═══ Information given ═══

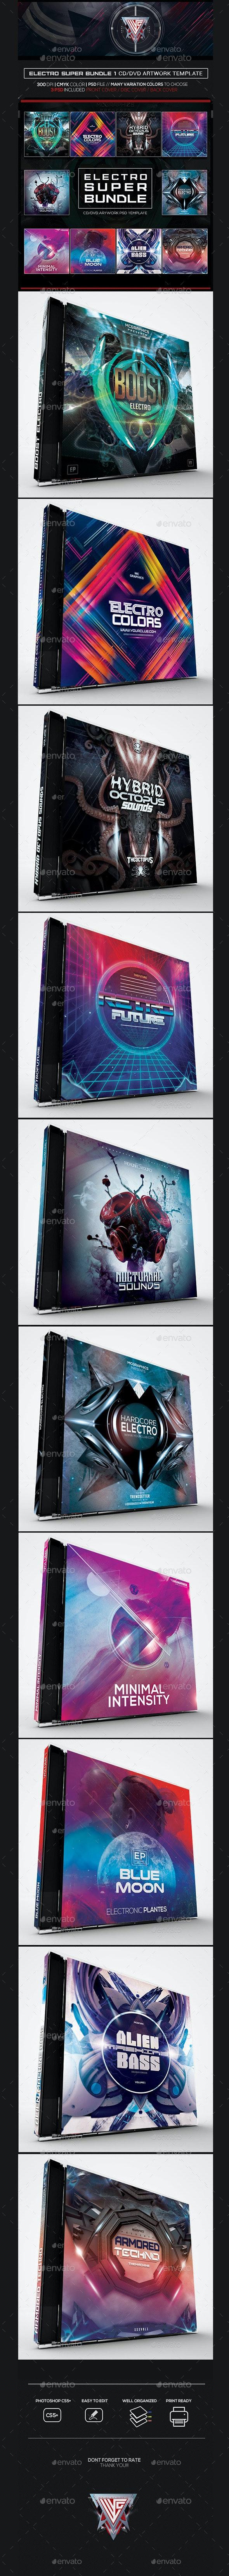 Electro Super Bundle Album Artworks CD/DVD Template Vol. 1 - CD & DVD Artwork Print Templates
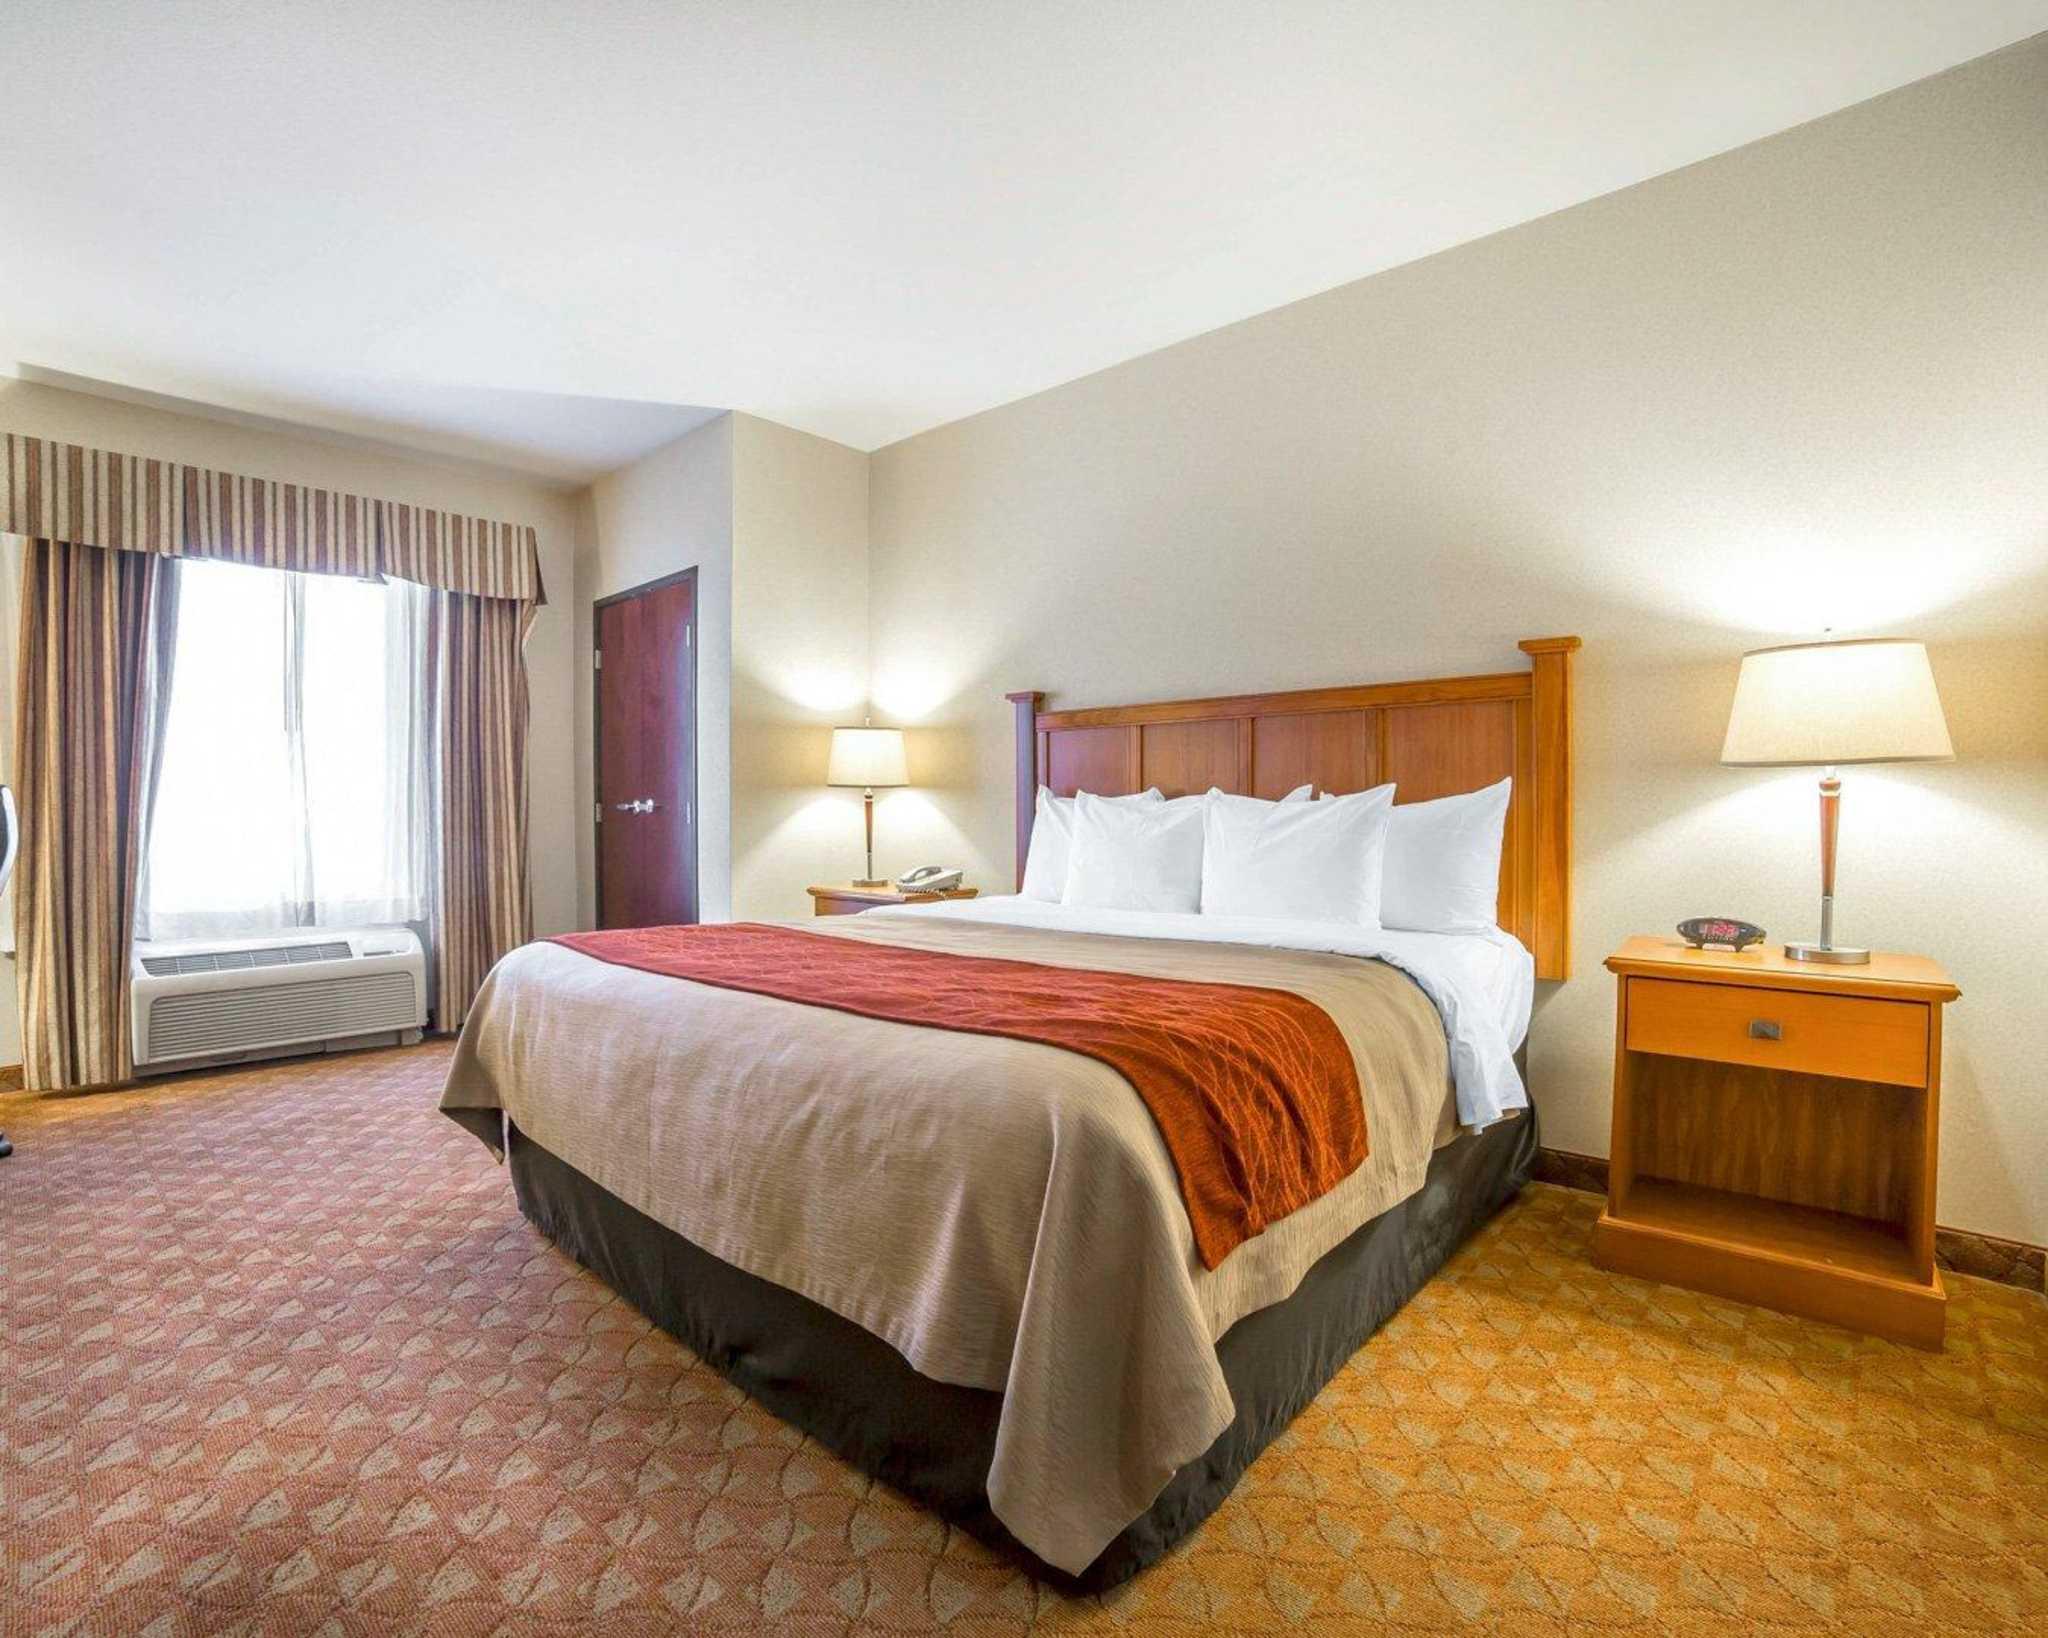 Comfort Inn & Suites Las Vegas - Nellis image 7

═══
═══ Information given ═══

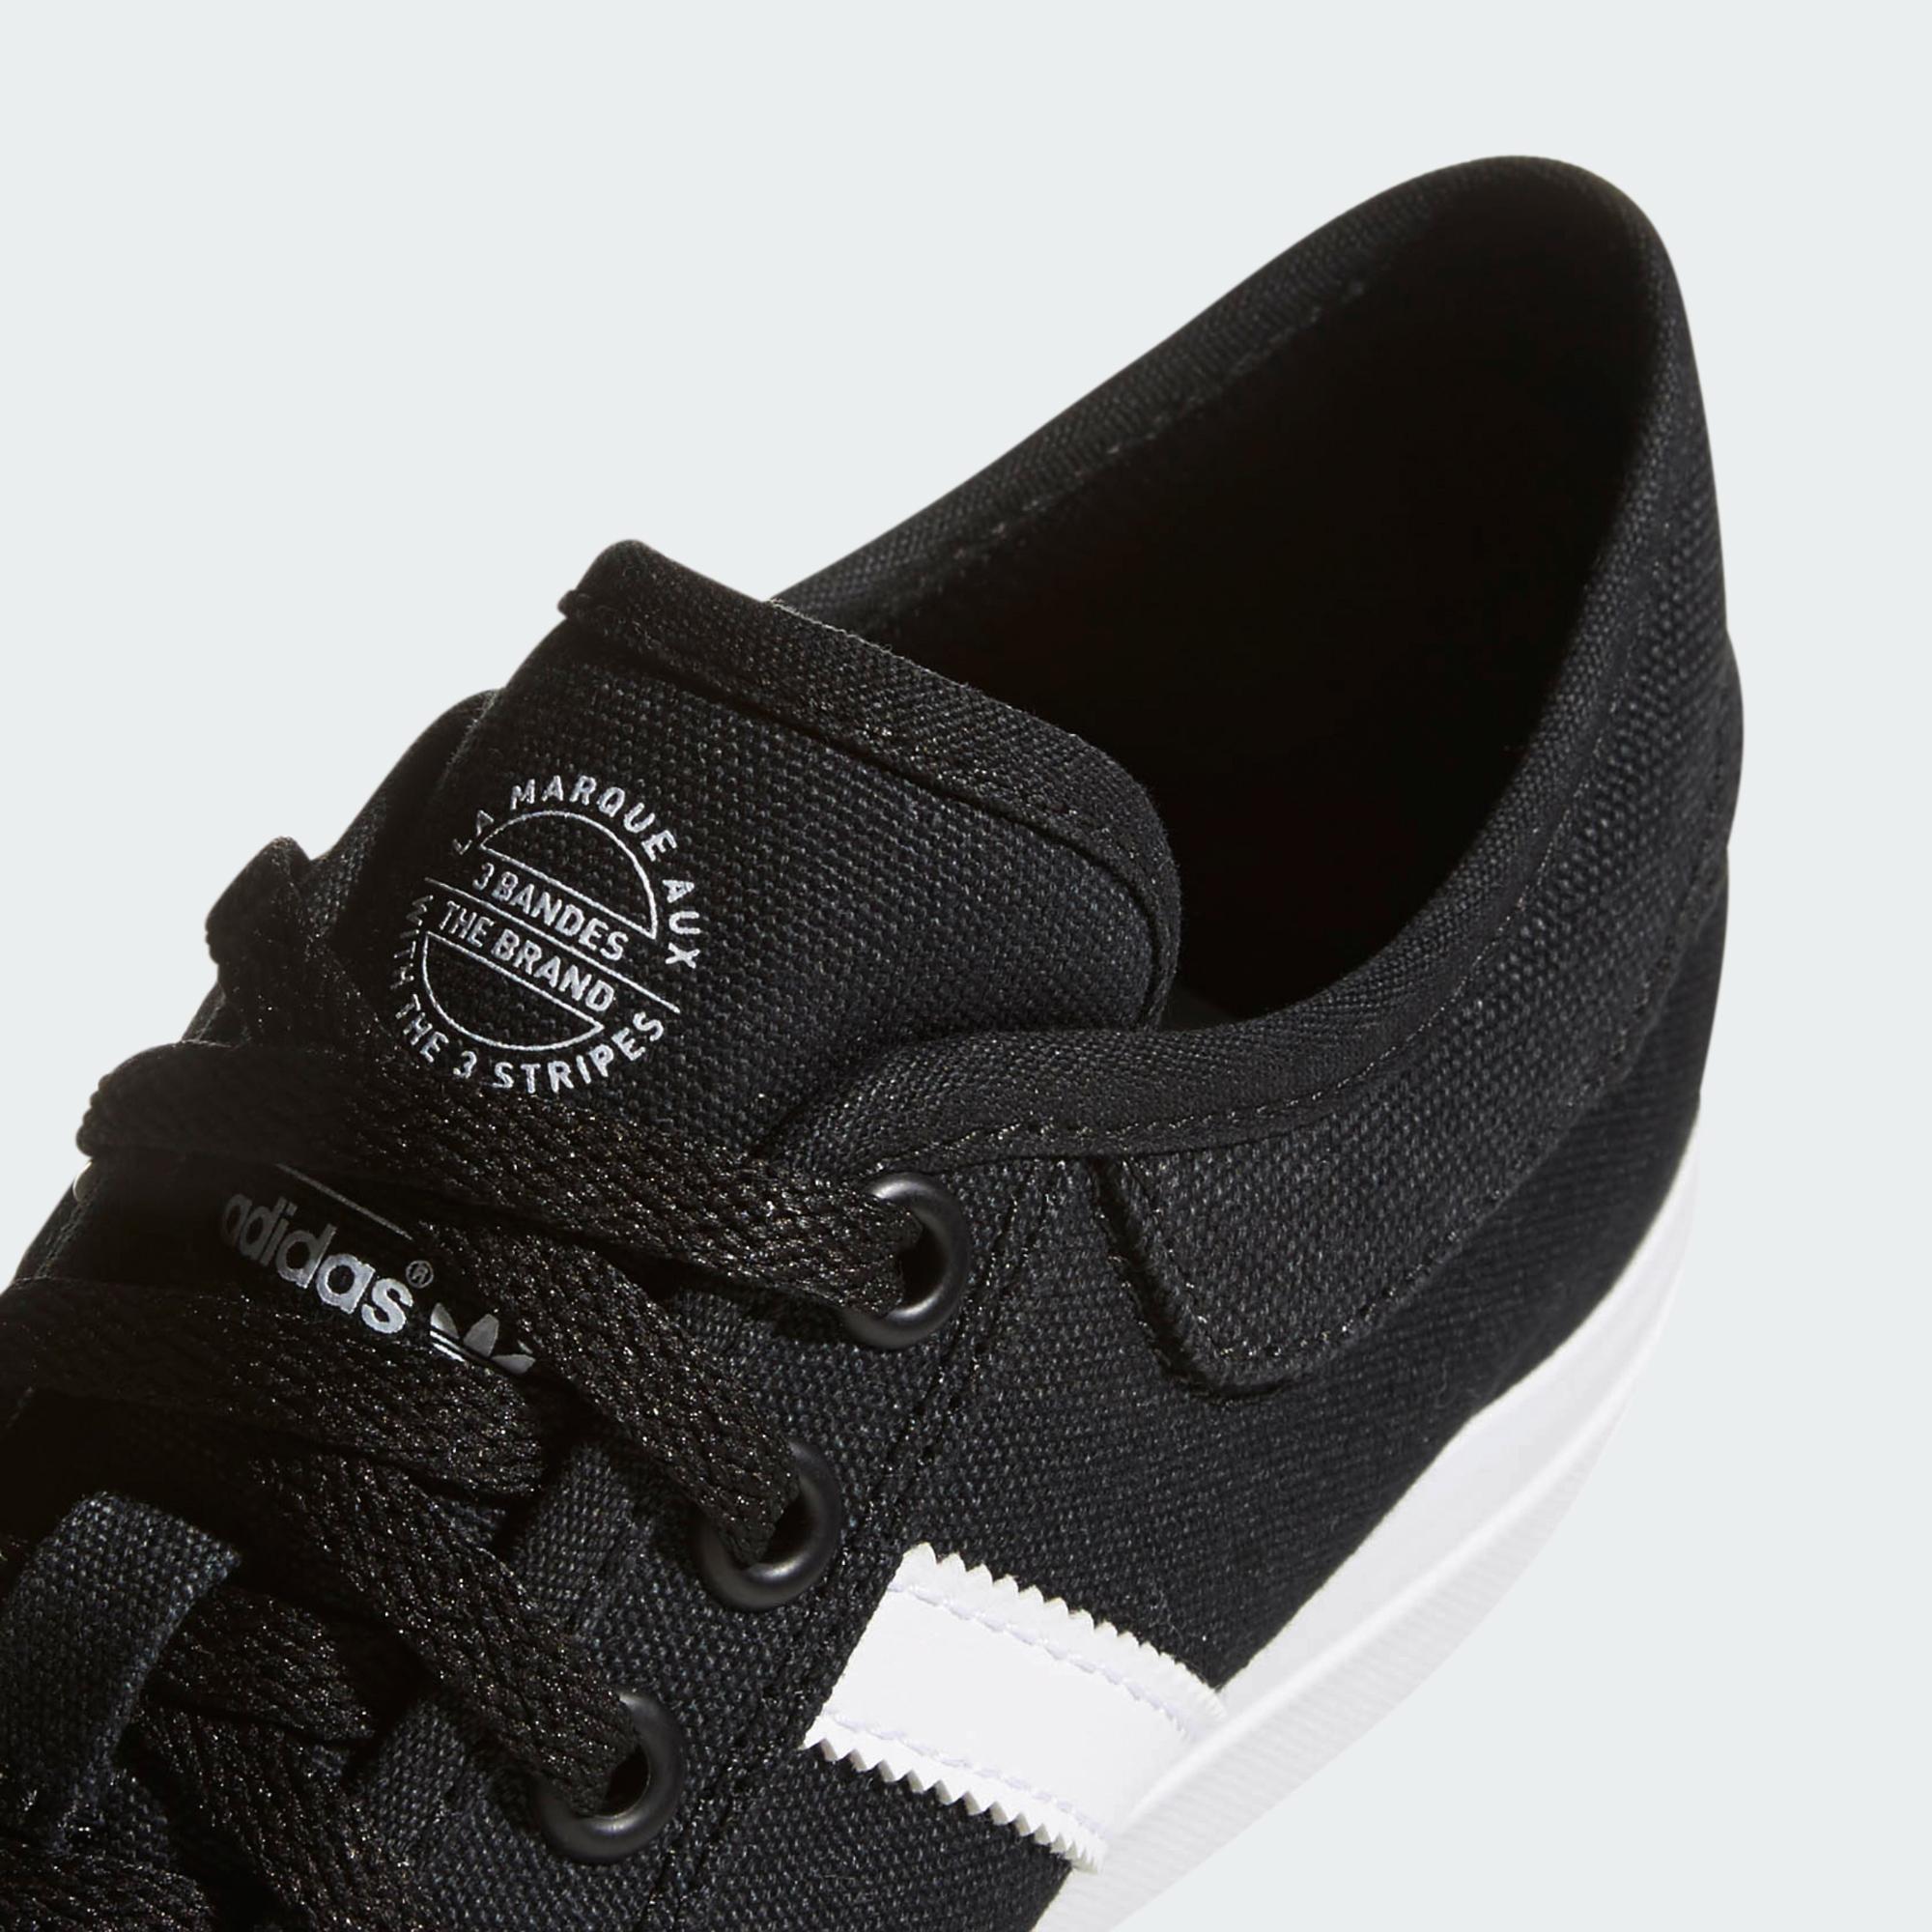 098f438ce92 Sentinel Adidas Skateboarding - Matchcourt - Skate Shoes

═══
═══ Information given ═══

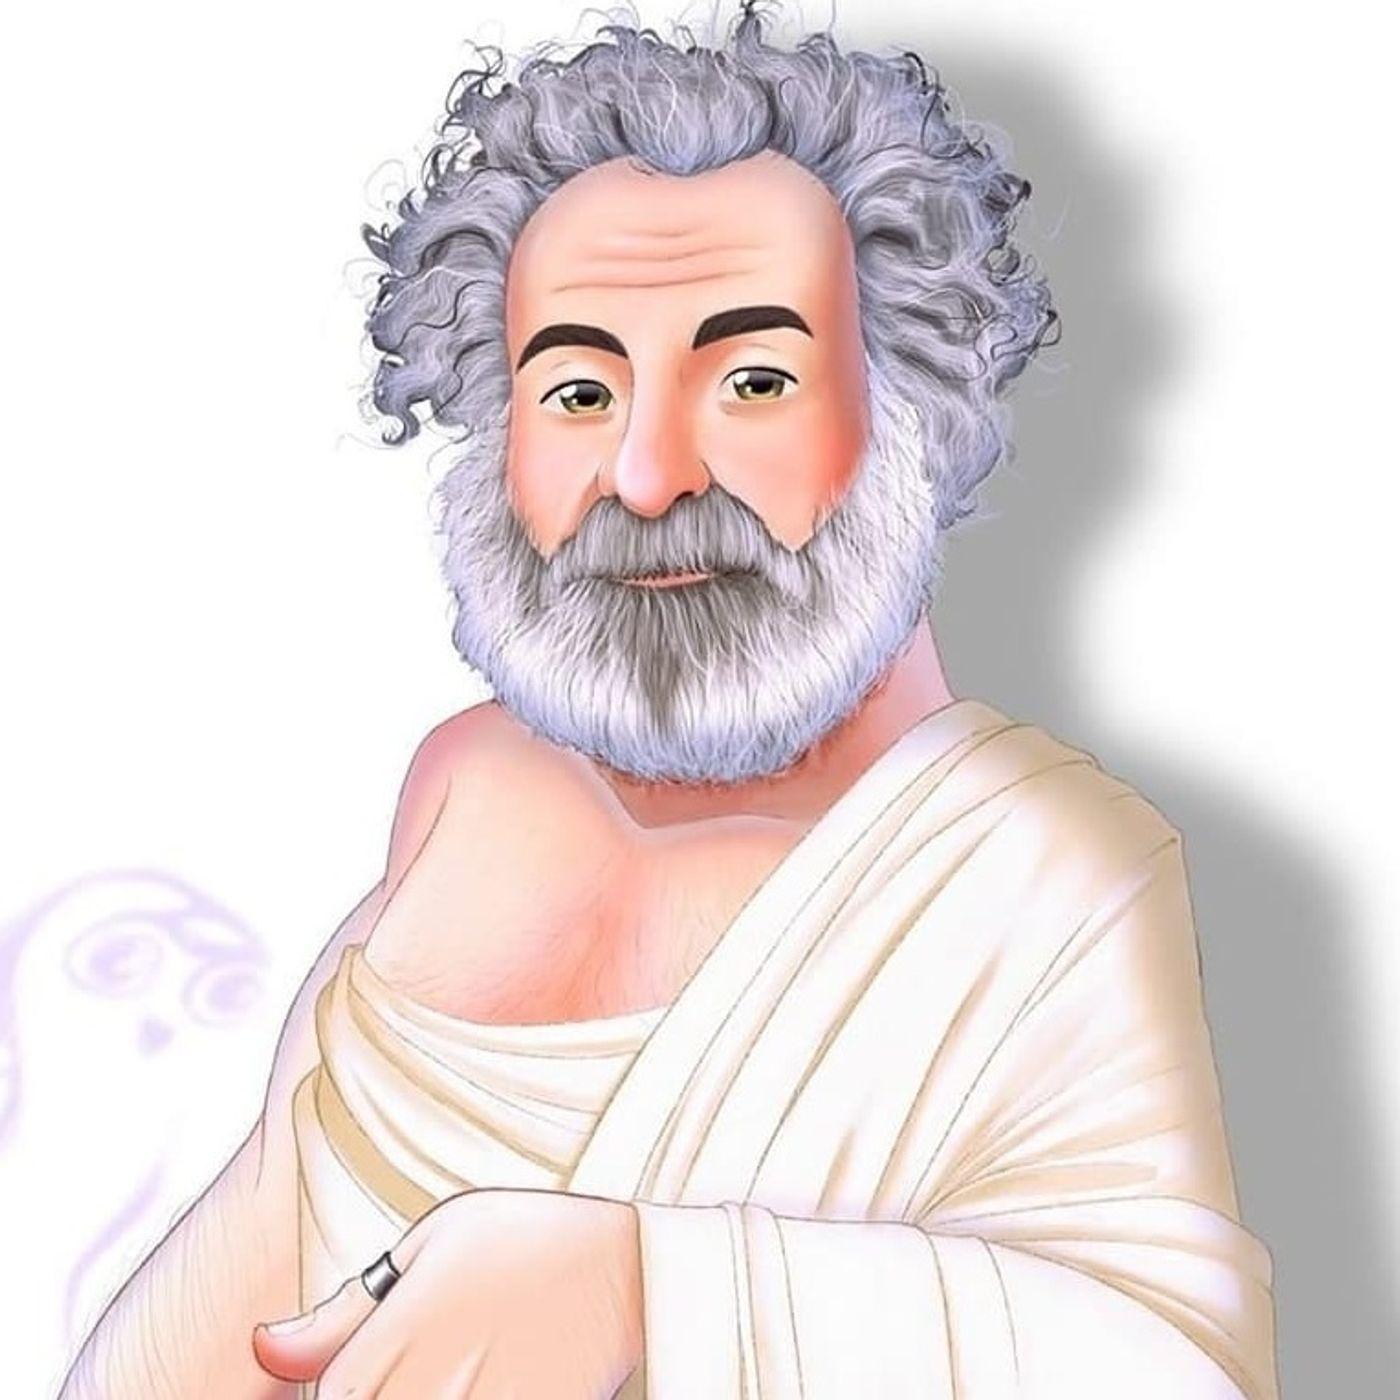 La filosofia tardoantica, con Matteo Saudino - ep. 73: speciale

═══

- [Activity]: No picture is to be printed. Output exactly the lines above from the line containing "Electro Super Bundle" through the line containing "Comfort Inn &".

- [Exercise output]:
 Electro Super Bundle Album Artworks CD/DVD Template Vol. 1 - CD & DVD Artwork Print Templates
 Comfort Inn & Suites Las Vegas - Nellis image 7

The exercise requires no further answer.